Тетя Лена делает небольшой глоток вина и жмет плечами.
– Не нужно сейчас. Скажешь, когда будешь готова.
Пару раз киваю в ответ.
Хм…когда я буду готова…интересная формулировка. К такому можно подготовиться?
– Когда ты сообщила о том, что случилось с мамой… – начинаю хрипло, – Я уже с чемоданом в зубах была. Собиралась приехать к ней. К нам в дом пришла…женщина.

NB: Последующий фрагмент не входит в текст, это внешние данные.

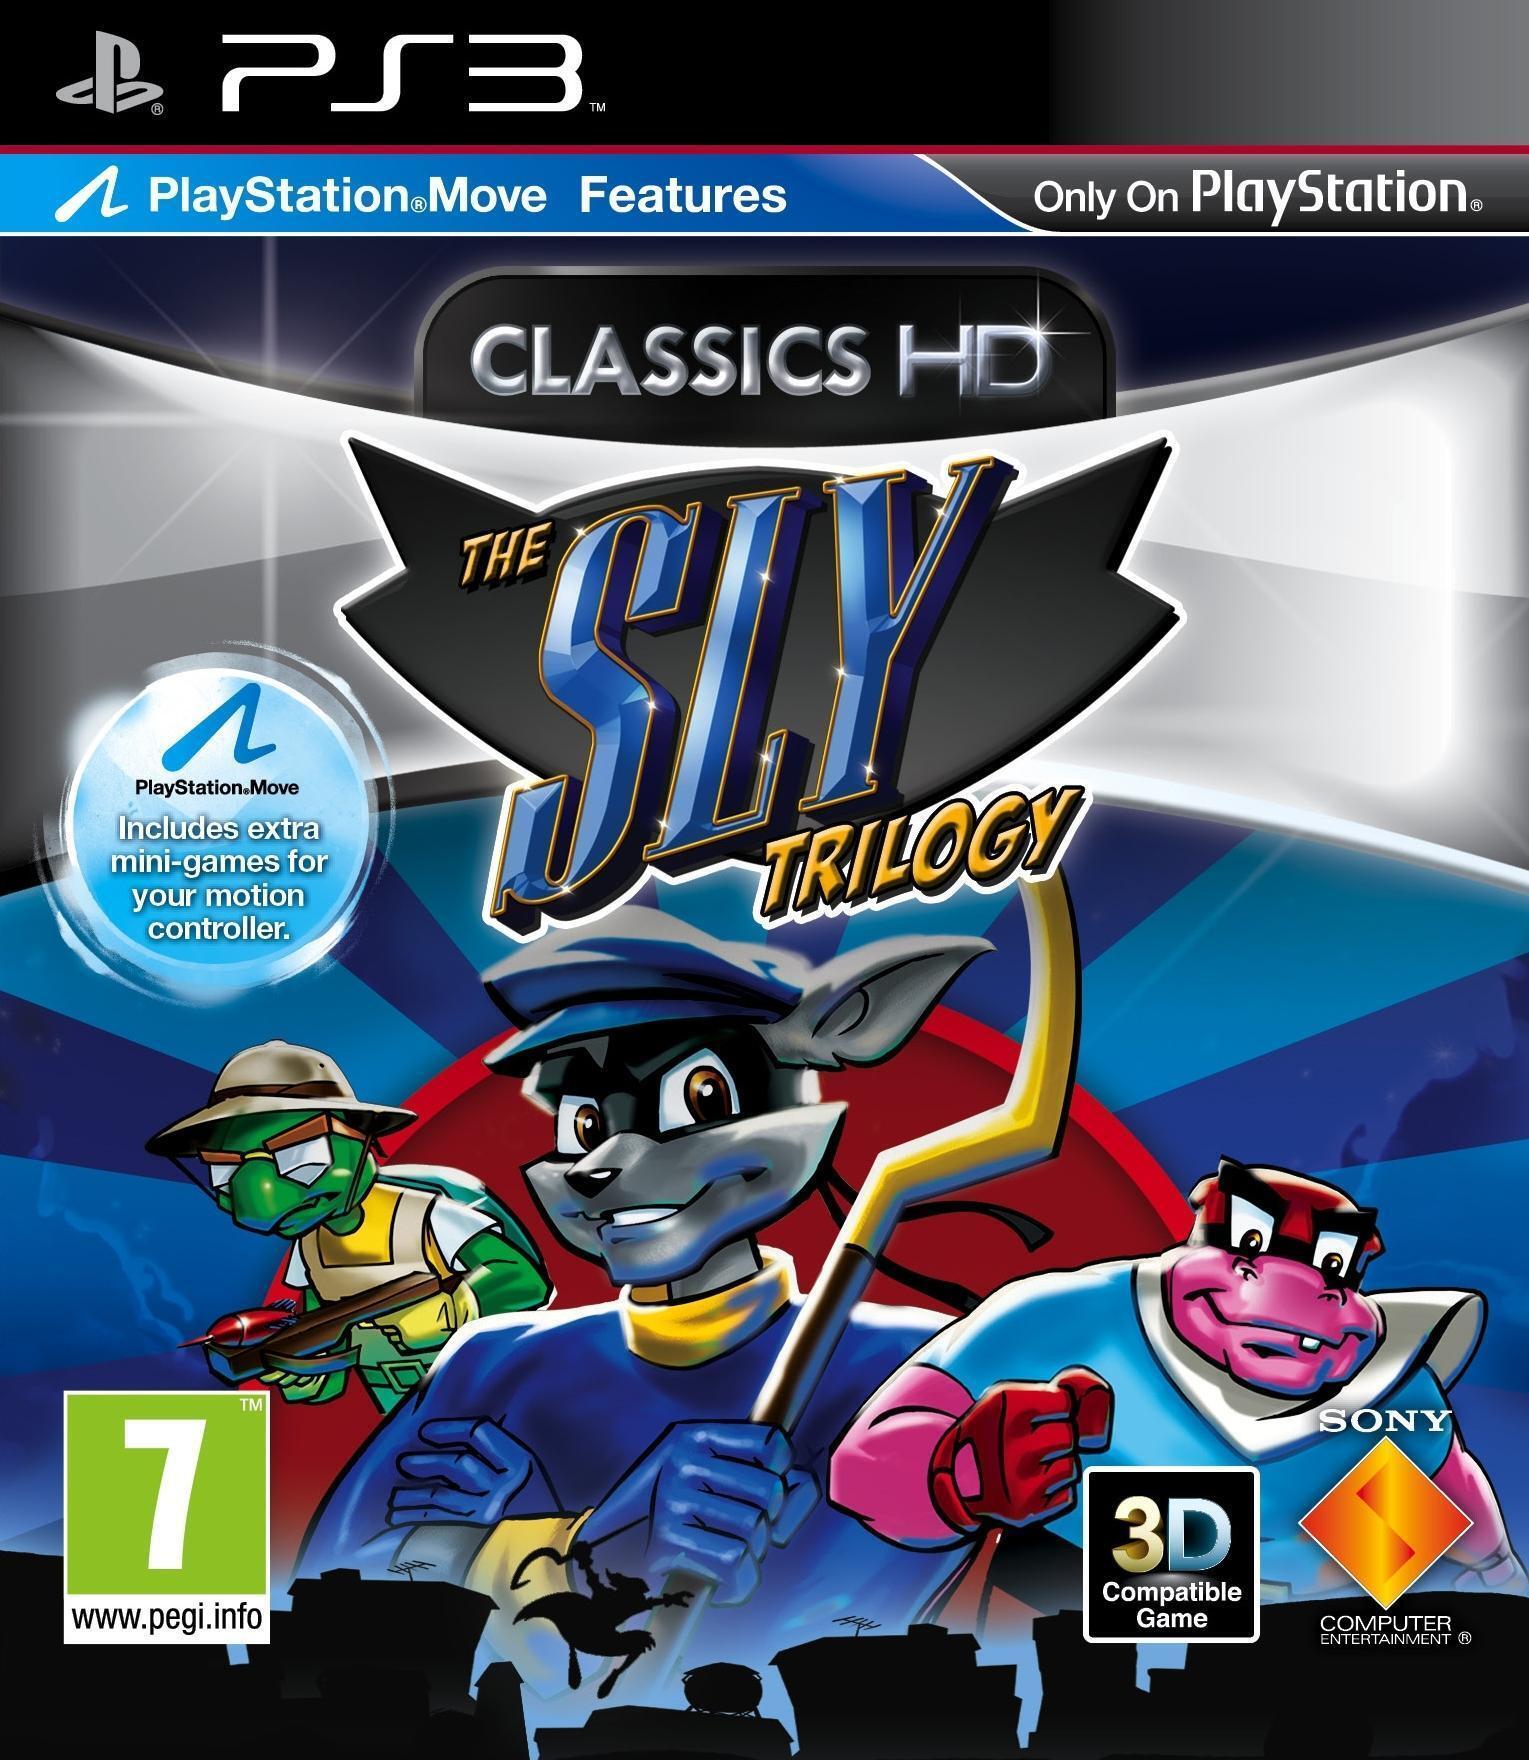 Sony The Sly Trilogy PlayStation 3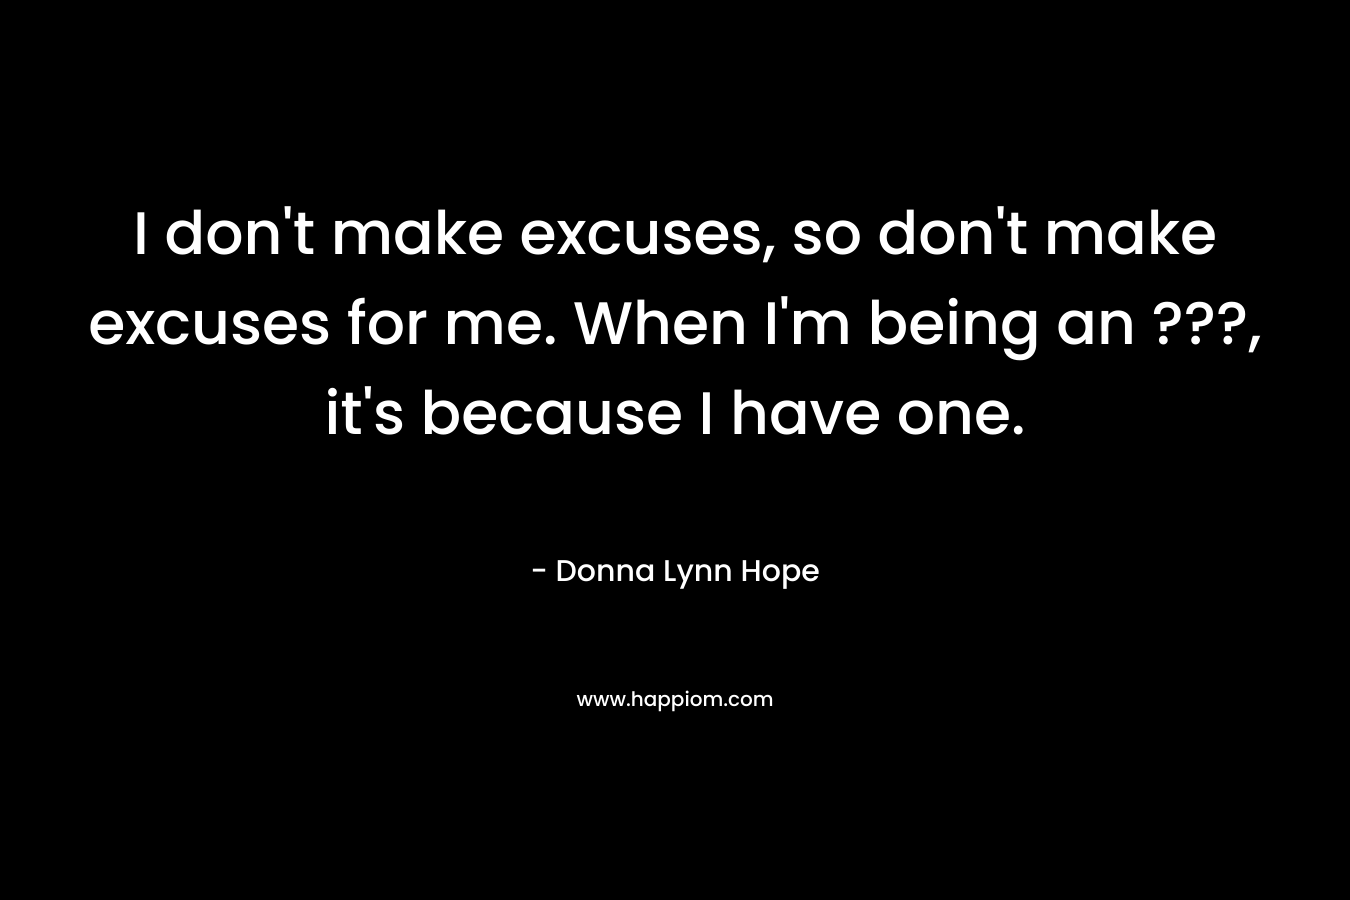 I don't make excuses, so don't make excuses for me. When I'm being an ???, it's because I have one.

Чувствую взгляд тети, но если рассказать я могу и хочу, то посмотреть на нее в ответ – точно нет.
Господи, как же стыдно…
Я рассказываю все, что произошло не глядя. Продолжая хмуриться, вываливаю свою боль и свою…некую неполноценность? Как мать и женщина я провалилась, и в таком сложно признаваться, но тете можно. Одновременно с тем, я как будто рассказываю все своей мамочке, на улыбку которой то и дело бросаю взгляд. Она смотрит на меня с фотографии и будто бы поддерживает. Будто бы говорит: все будет хорошо, я рядом с тобой.
Солнечные блики играют на полу в прятки.
Я продолжаю вываливать им обеим все, что произошло, а сама сгораю от еще одного вопроса, который тоже волнует меня. И сильно. Что теперь мне делать? Я осталась одна. Запал потух в морозном, сухом ветре, и остался лежать в блестящем на солнце снегу кладбища. Что мне делать дальше? Как бы это ни звучало, но уход мамы отвлек меня от правды, в каком-то смысле воскресил во мне ее черты характера, а теперь вдруг ничего не осталось. Время будет идти дальше. Дел станет еще меньше. У меня теперь нет ничего: работы, семьи, детей. Вдруг я ошиблась? Не надо было прогонять их, ведь теперь я их сама от себя оттолкнула и добавила плюсиков к карме своего благоверного. Он ловко воспользуется этим, его сука тоже. Они станут семьей, а я? Я стану легендой, о которой не принято говорить за столом. Туманная тетка, эфемерный призрак. Мать и не мать. Так, мимо проходящая баба…
– Вот… – заканчиваю свою историю, уронив голову на раскрытые ладони, – Я ошиблась, да?
– В чем это?
Холодный голос тети Лены заставляет немного взбодриться. Я смотрю на нее, а она отвечает мягко. Слегка улыбается…
– Надя всегда знала, что этот козел выкинет какой-нибудь финт. Надеюсь, она все с неба видит. Отомстит за тебя.
– Теть…
– Отомстит, дорогая, – тетя бережно сжимает мою руку и кивает для правдоподобности, – Вот увидишь. Карма – это нихрена не шуточки тебе, и все всегда возвращается. А материнская любовь? Она способна создать такую волну, от которой и ссаными тряпками не отмахаешься. Толя твой получит по заслугам. Еще не вечер. Зная Надю? Она так просто это не оставит.
Я издаю тихий смешок, но в груди становится теплее. Мне нравится эфемерная мысль, что моя мамочка где-то до сих пор существует, а теперь вечно будет стоять за спиной и охранять. Может быть, это очередная добровольная слепота? Вера в сказки? Плевать, как это прозвучит. Так просто легче. Думать, что твой близкий человек не ушел, а ты с ним обязательно еще увидишься…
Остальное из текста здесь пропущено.